2. The fluorescence endoscope apparatus according to claim 1 , wherein the image processing apparatus comprises a second color control means which carries out a color control of an image signal of said plurality of reflecting light images adjusted by the first color control means and an image signal of the fluorescence image obtained by using a living tissue as an object on the basis of the image signal obtained by said image processing apparatus using the living tissue as the object.
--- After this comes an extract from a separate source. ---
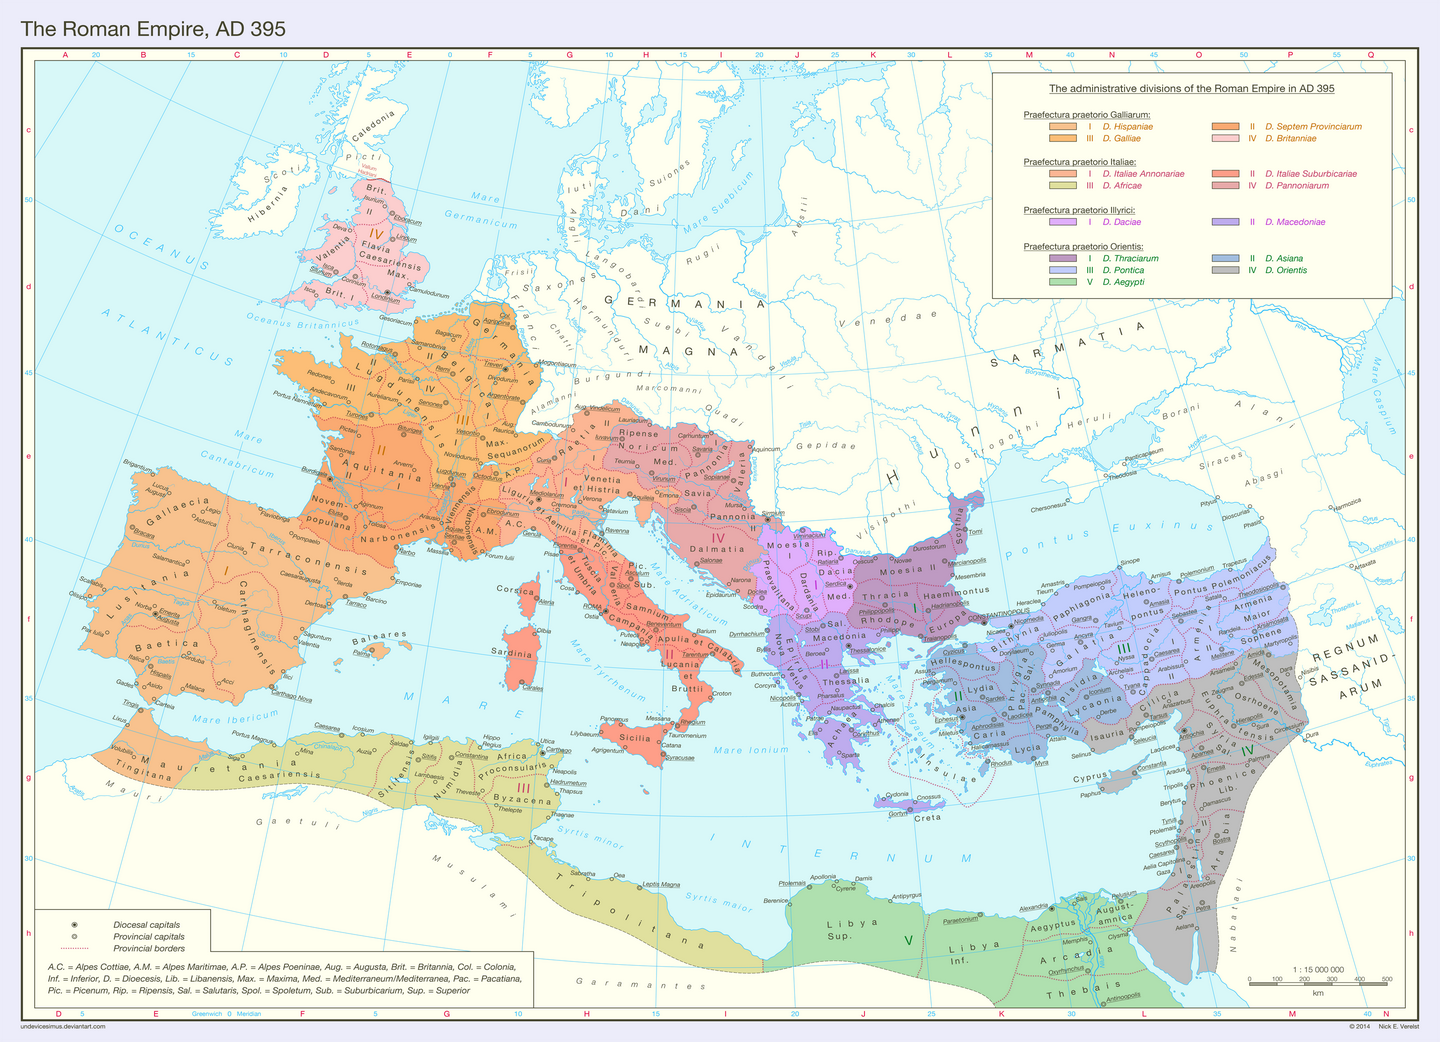 关于一张公元395年的罗马帝国行政区划图的翻译及资料

3. The fluorescence endoscope apparatus according to claim 1 , wherein transmittances of the plurality of optical filter unit for normal illumination light is 1/100 or less of the transmittance of the optical filter unit for the exciting light.
4. The fluorescence endoscope apparatus according to claim 2 , wherein transmittances of the plurality of optical filter unit for normal illumination light is 1/100 or less of the transmittance of the optical filter unit for the exciting light.
5. The fluorescence endoscope apparatus according to claim 1 , wherein each of optical filter units for the normal illumination light is composed of two sheets of the optical filter unit which are pasted together
6. The fluorescence endoscope apparatus according to claim 2 , wherein each of optical filter units for the normal illumination light is composed of two sheets of optical filter unit which are pasted together.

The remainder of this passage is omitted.